Sin embargo, esto [Caifás] no lo dijo solo, sino que, siendo sumo sacerdote aquel año, profetizó que Jesús debía morir por la nación; y no sólo para la nación, sino también para reunir a los hijos de Dios que estaban dispersos en el extranjero. A partir de ese día decidieron matarlo.

En resumen, la resurrección de Lázaro provoca la muerte de Jesús; ¡La muerte de Jesús provoca la resurrección de todo aquel que cree en él!

* * *

Ahora podemos centrarnos en la palabra de autorrevelación en el contexto:

Jesús le dijo: “Tu hermano resucitará”. Marta le respondió: “Sé que resucitará en la resurrección del último día”. Jesús le dijo: “Yo soy la resurrección y la vida; el que cree en mí, aunque muera, vivirá; el que vive y cree en mí, no morirá jamás (11, 23-25).

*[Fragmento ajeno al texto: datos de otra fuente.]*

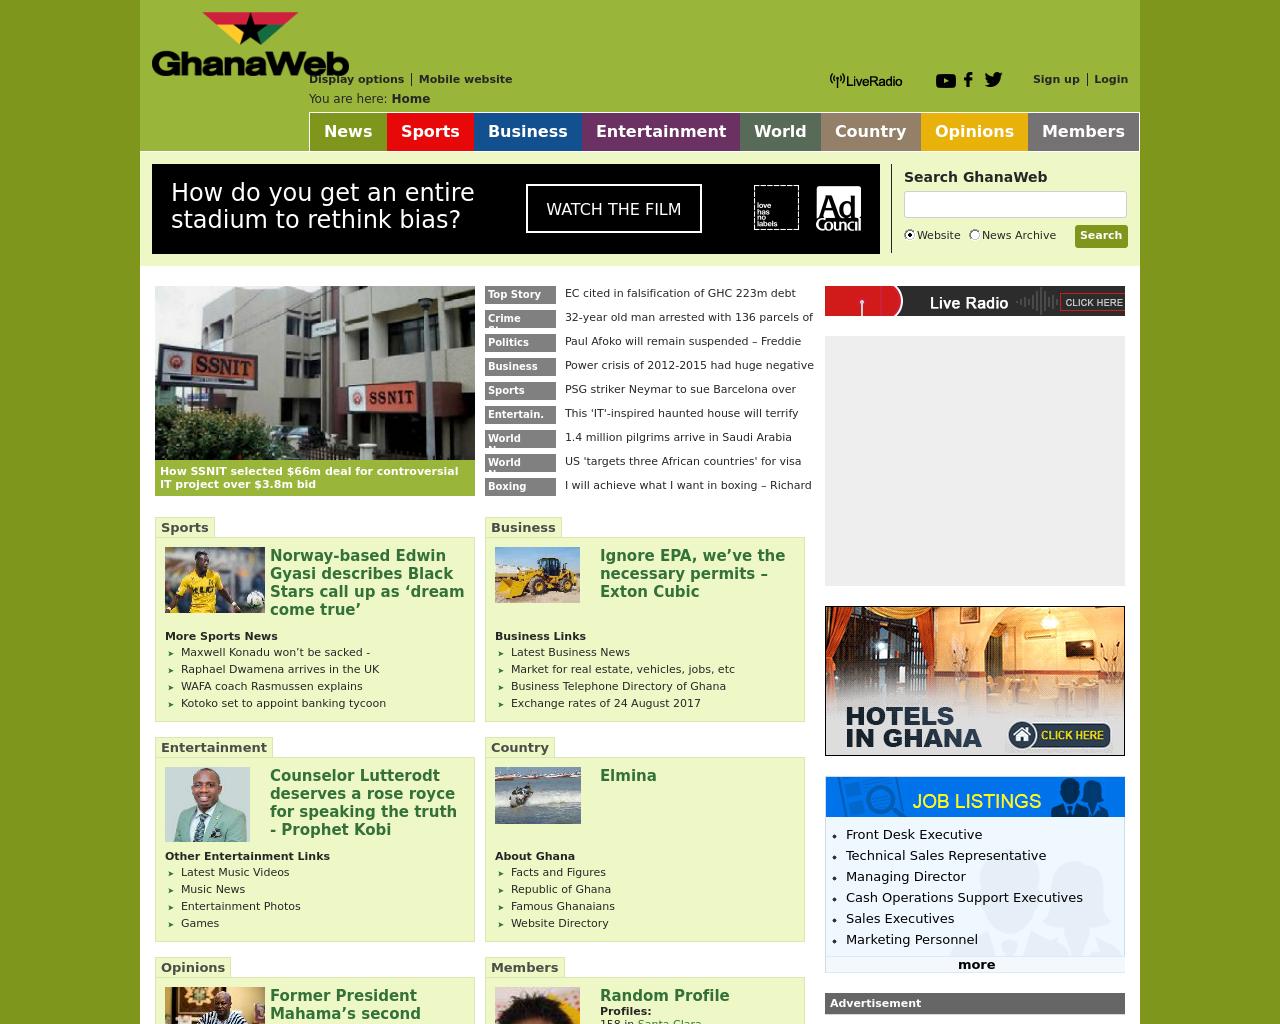 Ghanaweb-Advertising-Reviews-Pricing

“¡Yo soy la resurrección!” Nos preguntamos: ¿de qué resurrección habla Jesús aquí? Marta piensa en la resurrección final. Jesús no niega esta resurrección «en el último día», que él mismo promete en otro lugar (Jn 6,54), pero aquí anuncia algo nuevo: que la resurrección comienza ahora para quienes creen en él. San Agustín comenta: “El Señor nos ha mostrado una resurrección de los muertos que precede a la resurrección final. Y no es una resurrección como la de Lázaro o la del hijo de la viuda de Naín… que fueron resucitados para morir de nuevo

Como podemos ver, la idea de una resurrección «espiritual» y existencial, que ya se produce en esta vida gracias a la fe, no era desconocida en la tradición cristiana. La novedad se produjo cuando quisieron convertirlo en el único significado de la palabra de Jesús. La posición de Bultmann es bien conocida, hoy en gran medida obsoleta, pero que hacía furor cuando yo estudiaba teología. Según él, la resurrección de la que habla Jesús es una resurrección existencial, un despertar de la conciencia, basado en la fe. Estamos en la línea de la vaga «llamada a la decisión» y del «decidir por Dios», a la que reduce casi todo el mensaje del Evangelio.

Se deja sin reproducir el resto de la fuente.